В своем катухе Гендер развел немыслимую чистоту. Стены, пол и потолок он отскоблил крупным песком и наждаком. Выделенный ему старый стол постоянно застилал свежей газетой; за неимением скатерти, взять хозяйскую он почему-то отказался, - впрочем, посуду он тоже держал собственную, а именно - графин с кипяченой водой. Возле двери, изнутри, укрепил он в своем катухе карманное зеркальце - смотрелся в него по утрам, прежде чем выйти к прочим обитателям подселенцевских хором. Узкая койка, которую он выбрал из числа предложенных, всегда была застелена с солдатской точностью - сто двадцать восемь квадратиков одеяла налицо, прочие подвернуты. Что было в его комнате странно, так это то, что среди пожитков почти не оказалось ни одной книги; Гендер признался Доне, что читать никогда не любил, потому что дело это долгое и только отнимает время, - но, несмотря на это, стихи он любил.

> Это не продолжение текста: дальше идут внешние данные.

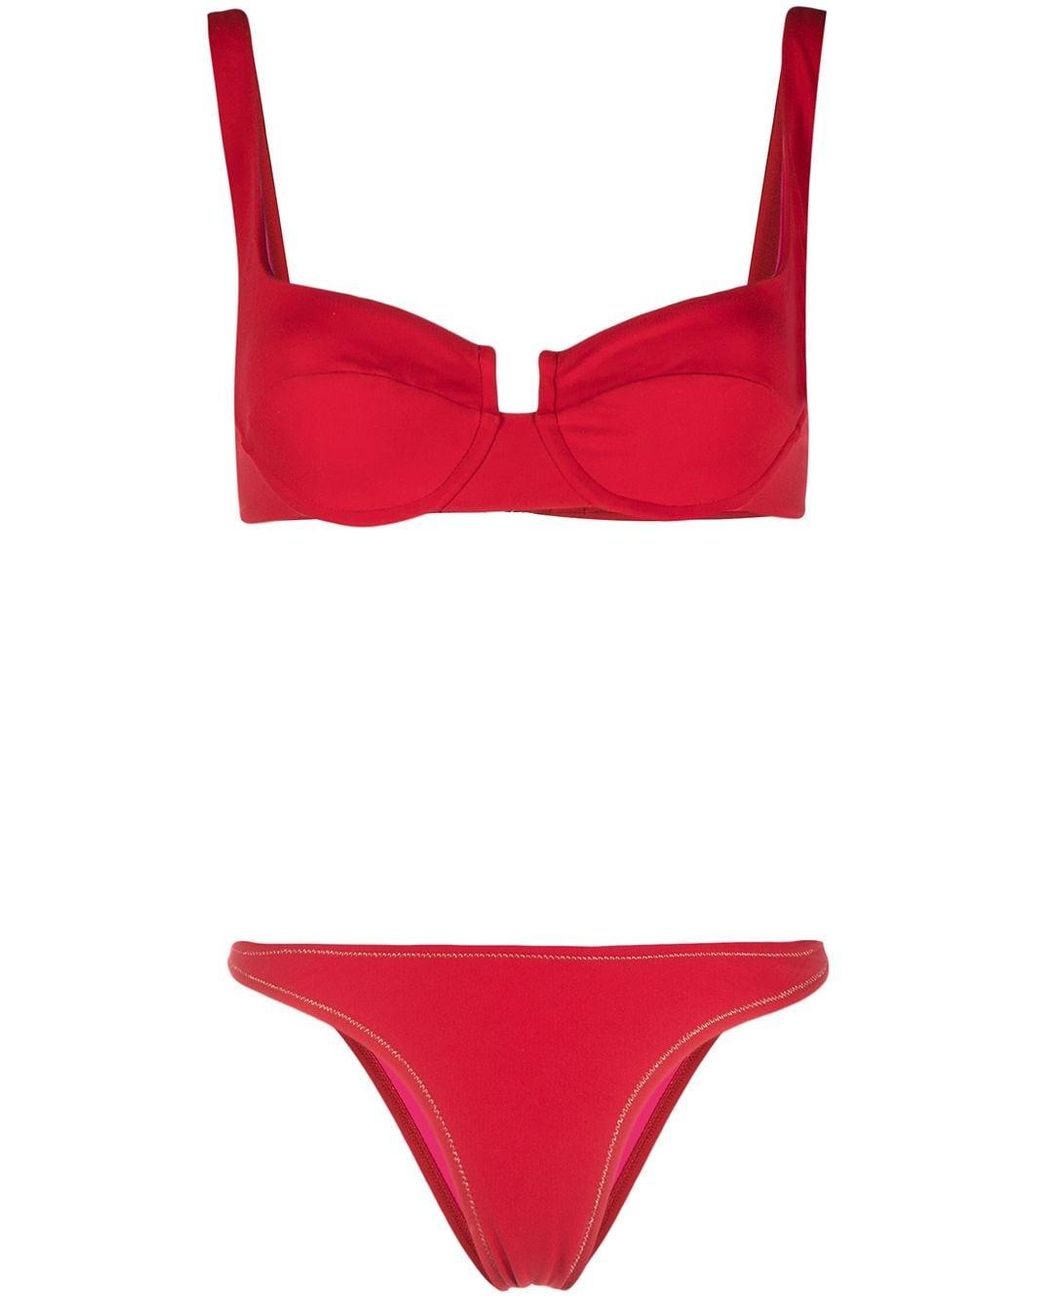 Reina Olga Brigitte Bikini Set in Red - Lyst

В уголке, на тумбочке, Гендер приладил доску, к ней привинтил микроскоп, спиртовки и несколько рядов пробирок на проволоке - тут была его лаборатория. Гендер всерьез изучал организмы подопечных шести бывших таможенников рабов: некогда кособородого, нынче бритого экс-капитана Овосина, двоюродных братьев экс-рядовых Листвяжных, а также экс-рядовых Запятого, Сырцова и Забралова.
Шестеро рабов, брошенных на декаду - то есть на двенадцать лет - в подпол к Роману Подселенцеву, не могли ждать досрочного освобождения ни при каких обстоятельствах, включая возможное прощение со стороны Романа, - тогда предстояла бы отправка в Римедиум, где, по слухам, никто столько не живет, вредное это место для жизни. Даже умри Роман (что в его возрасте никто не расценил бы как неожиданное событие) - рабы просто перешли бы по наследству к его старшему сыну Дидиму, а у того только и власти было, что отказаться от них в пользу младшего брата своего Захара, притом у каждого из братьев имелось по четверке взрослых сыновей плюс множество внуков мужеска пола. Каждый мог делать с рабами что хочет (даже убить, хотя за это Минойский кодекс грозил огромным штрафом), кроме одного - дать свободу. Приговор архонта не мог отменить даже сам архонт, его не мог отменить архонтов преемник, - теоретически его мог отменить российский император, предкам которого Киммерия присягнула как вассальная волость. Но что-то никогда не доходили руки у российских императоров до киммерийских прошений. Да и слать куда? Консулу Киммерии в Арясине для вручения лично... При мысли о таком прошении даже в потемках подвала на Саксонской набережной помысливший смеялся. Иногда - громко, если со стола посылали что-нибудь минимально хмельное. Чаще - тихо. Еще чаще - молча, про себя.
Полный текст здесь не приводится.